The two evaluators were then presented with three different sets of interfaces from the pilot study, which consisted mainly of four interfaces: a general search interface, an advanced search interface, a results interface, and a help interface. Each evaluator was asked to individually assign a subjective rating to each set of interfaces for each quality element on a 7-point likert-type agreement scale. After each evaluator individually completed the evaluation, the evaluators disclosed their ratings and justified their reasons for assigning a particular rating. During this portion of the session it became apparent that there were
particular interface elements that had an impact on the various quality ratings. These interface elements were discussed in detail. The evaluators agreed that explicitly listing some of these examples below the definitions of the quality elements would help them in their evaluations.
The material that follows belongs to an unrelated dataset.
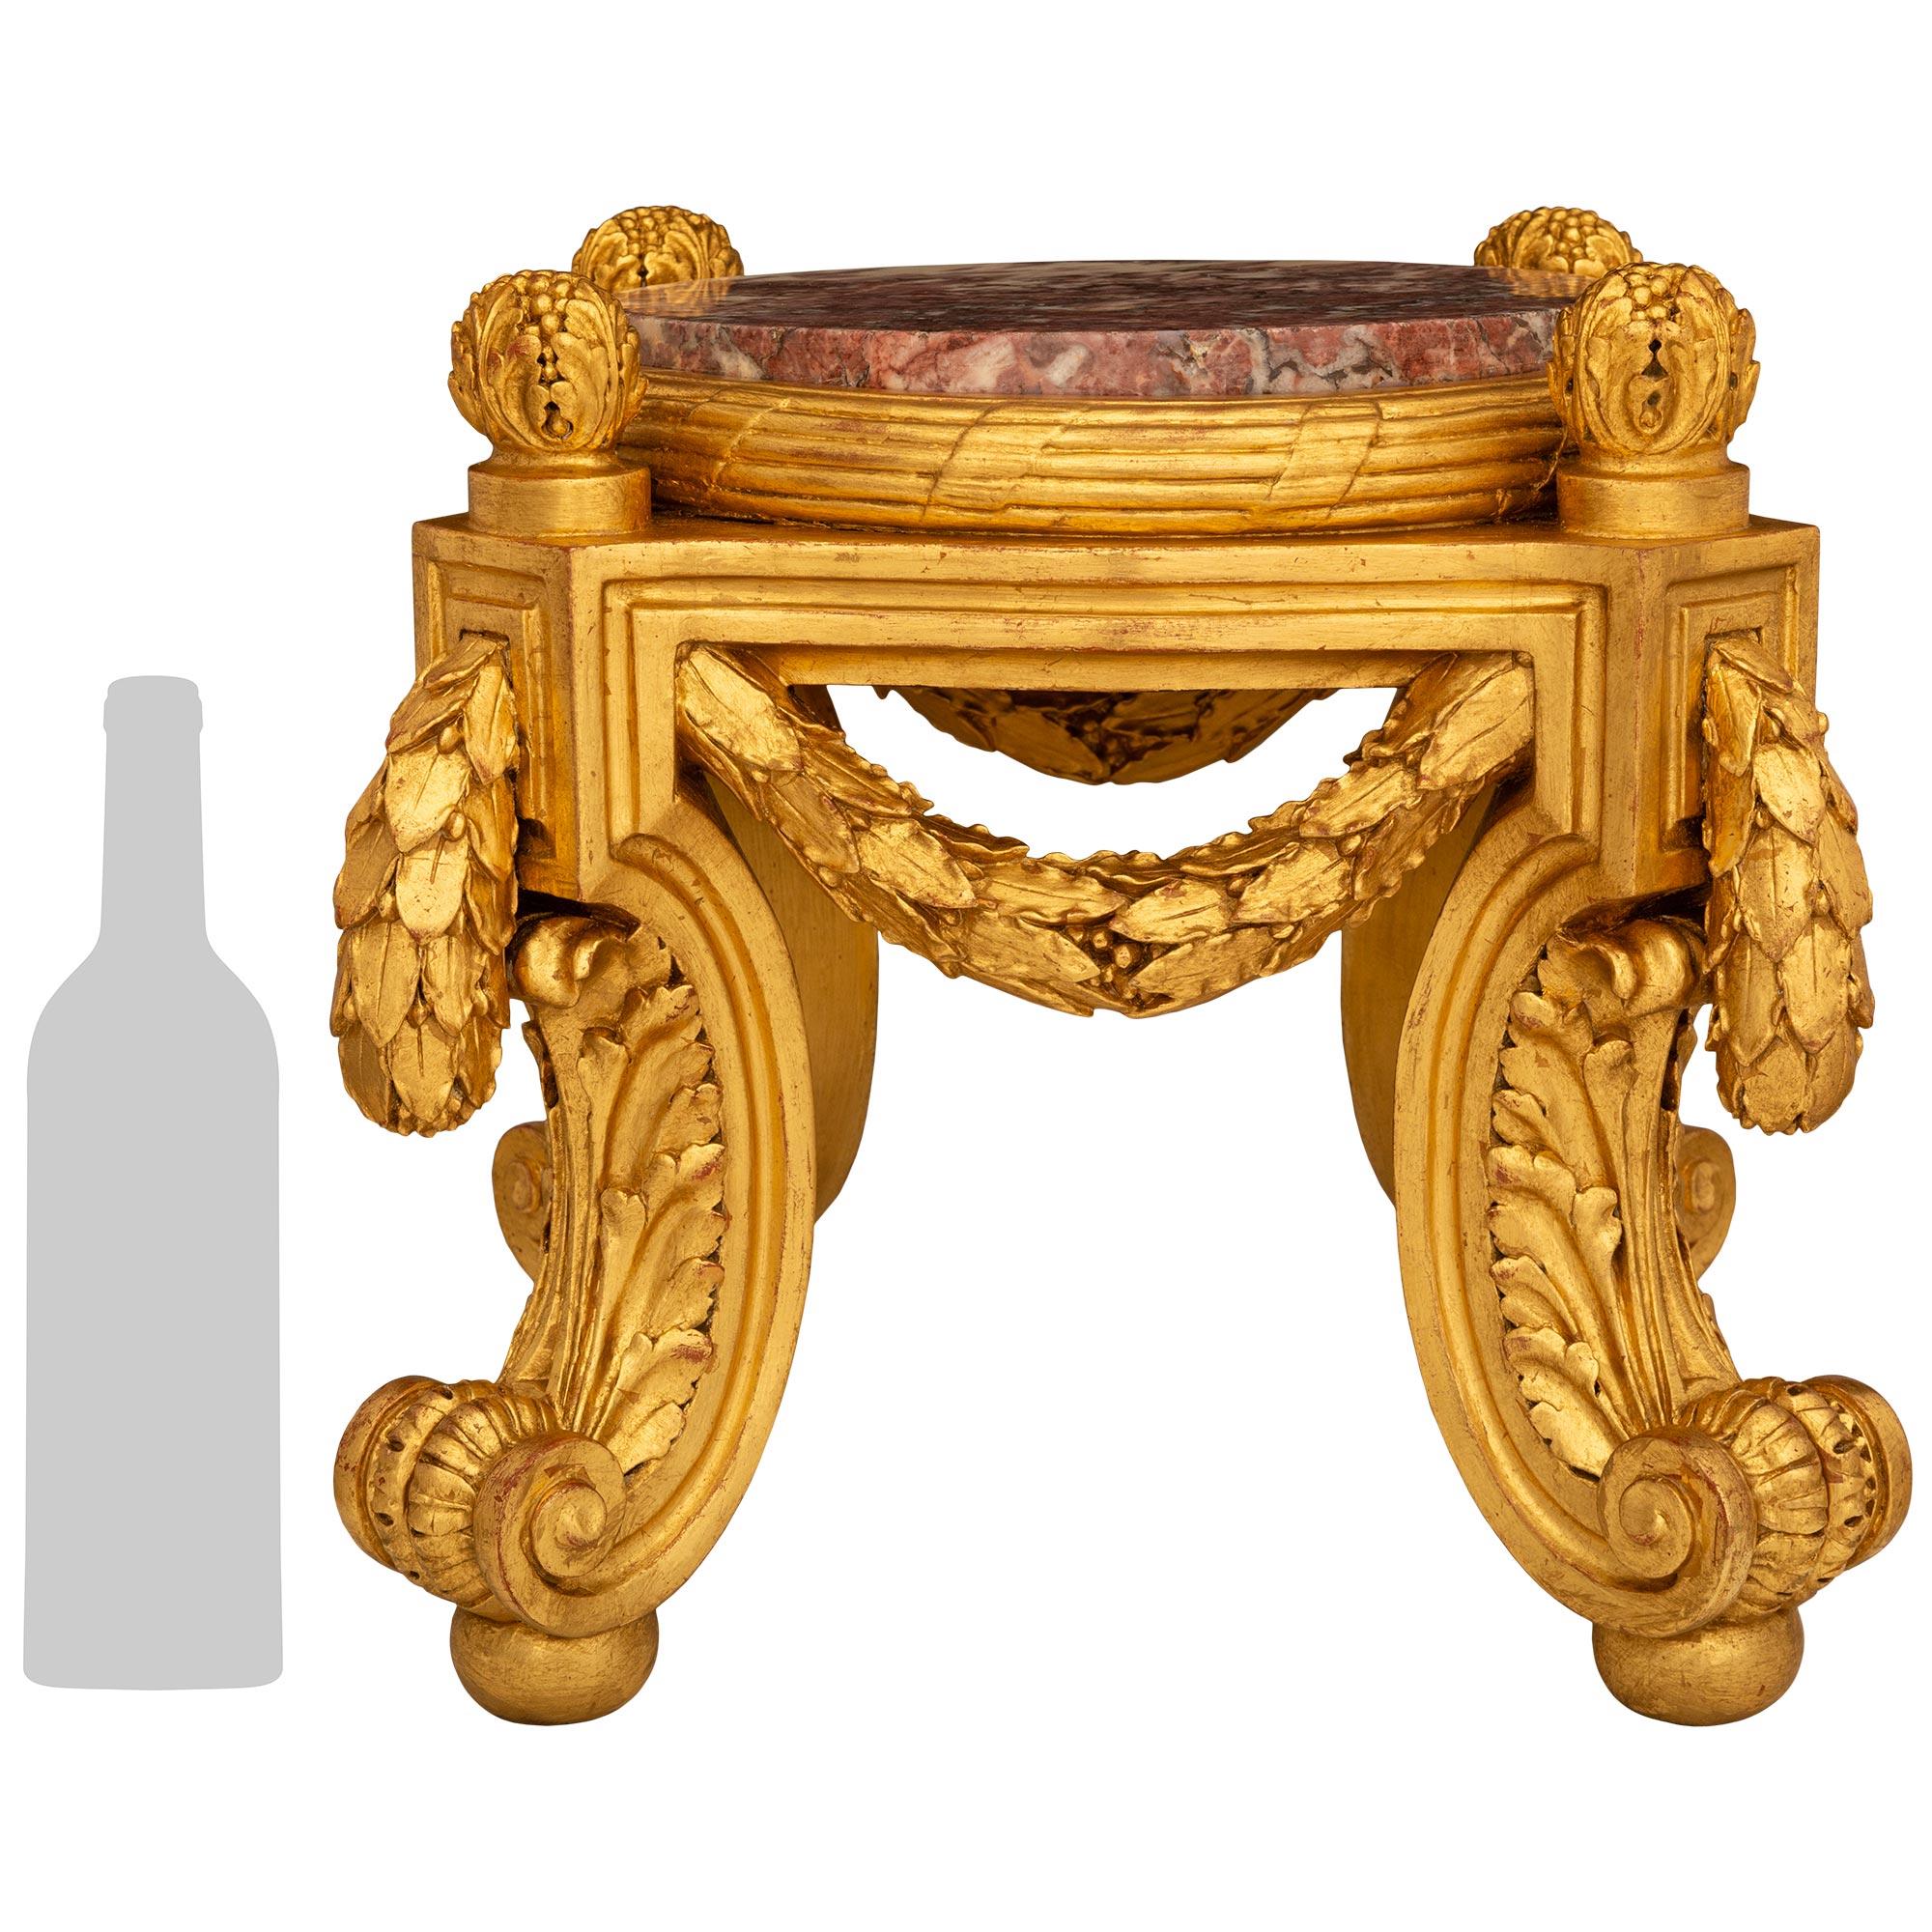 A most decorative and high quality French 19th century Belle Epoque period Louis XVI st. Giltwood and Breccia Violette marble pedestal. This unique pedestal is raised by four 'C' scrolled cabriole legs decorated with foliate designs and supported on
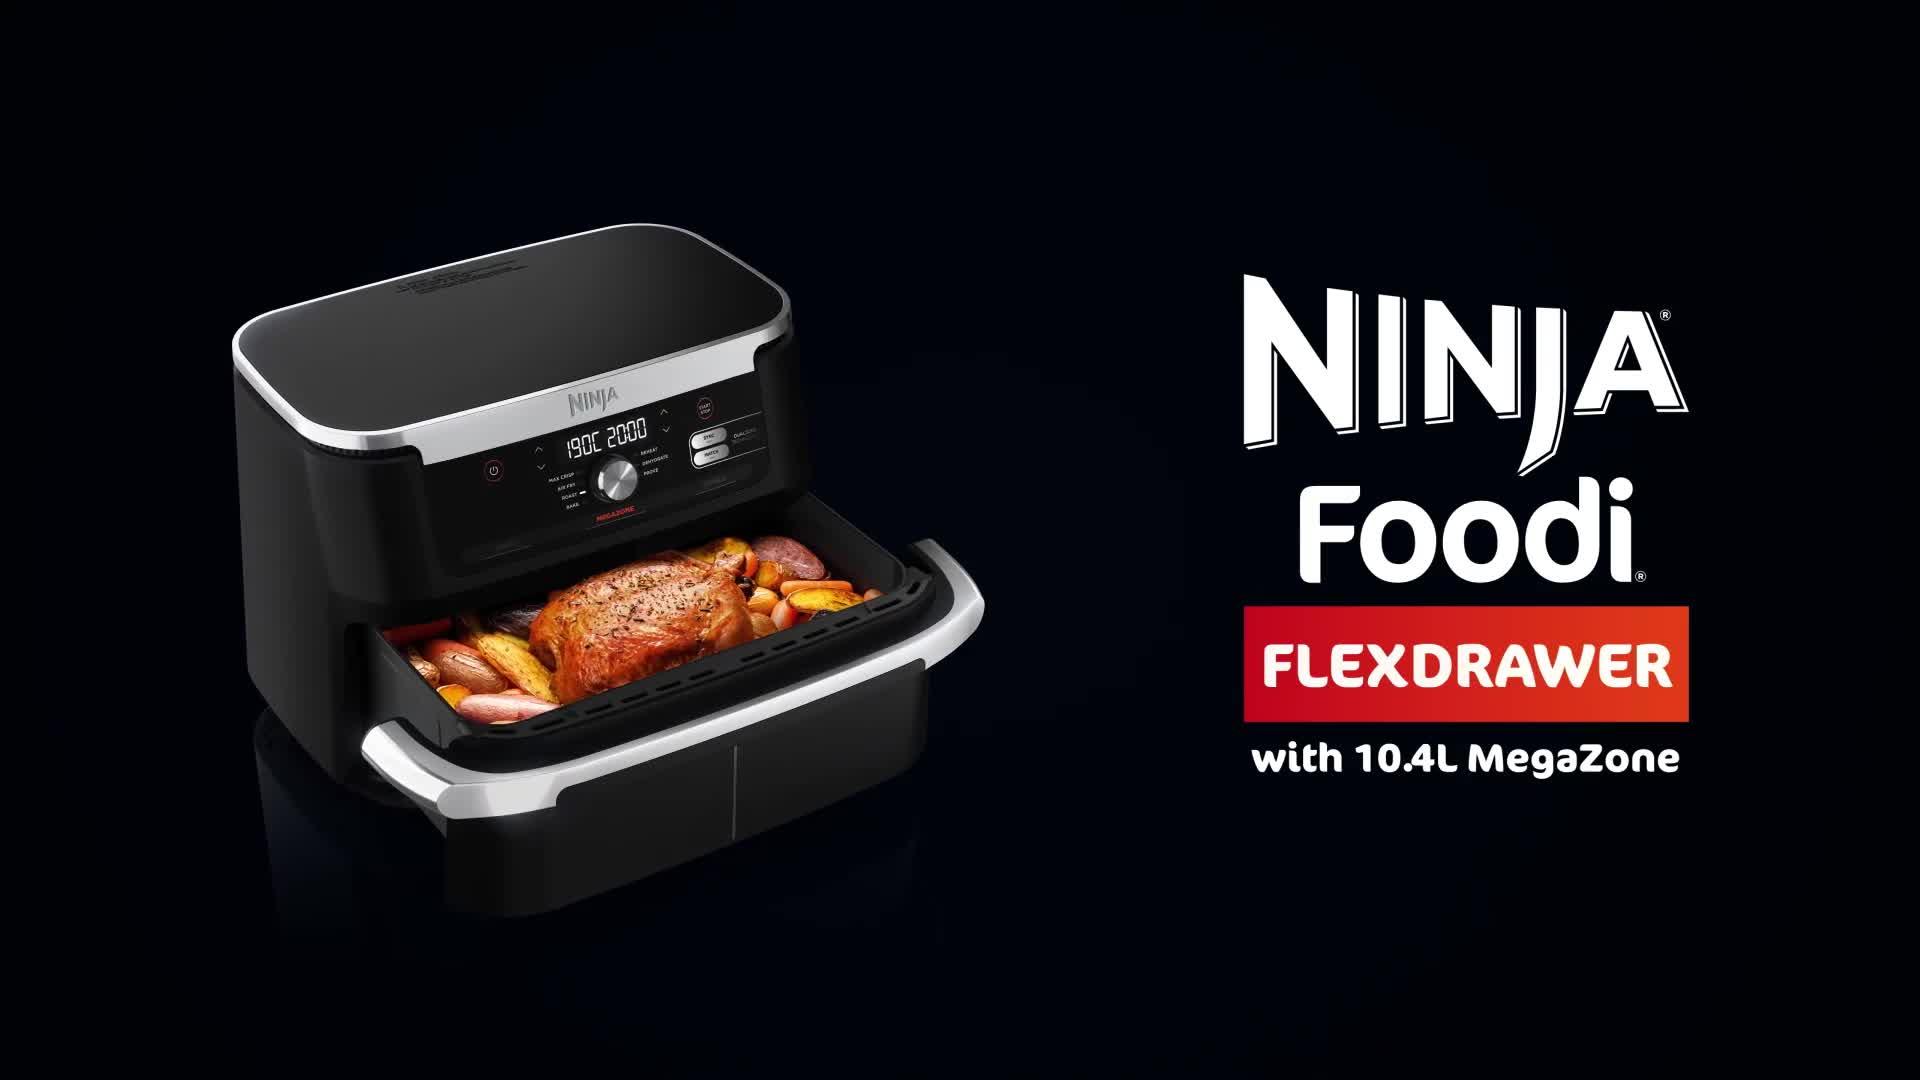 Ninja's 5.5-Qt. air fryer is ready to feed the family at $120 (Reg. $170)

Therefore the definitions of the quality elements were expanded to include examples of interface elements that exemplified the quality elements.
Before the second session the evaluators were sent the expanded definitions which included more detailed definitions and examples (Appendix K). During the second session the evaluators were again presented the expanded definitions of the quality elements. The evaluators were then asked to individually evaluate four sets of interfaces from the pilot study (different from those used previously) using the expanded definitions. Each evaluator was asked to individually assign a subjective rating to each set of interfaces for each quality element on a 7-point likert-type agreement scale. After completing the individual assessment the evaluators disclosed their ratings and justified their reasons for assigning a particular rating. After this discussion the evaluators were given the 52 sets of interfaces to evaluate individually. (They were both given the interfaces in the same order.)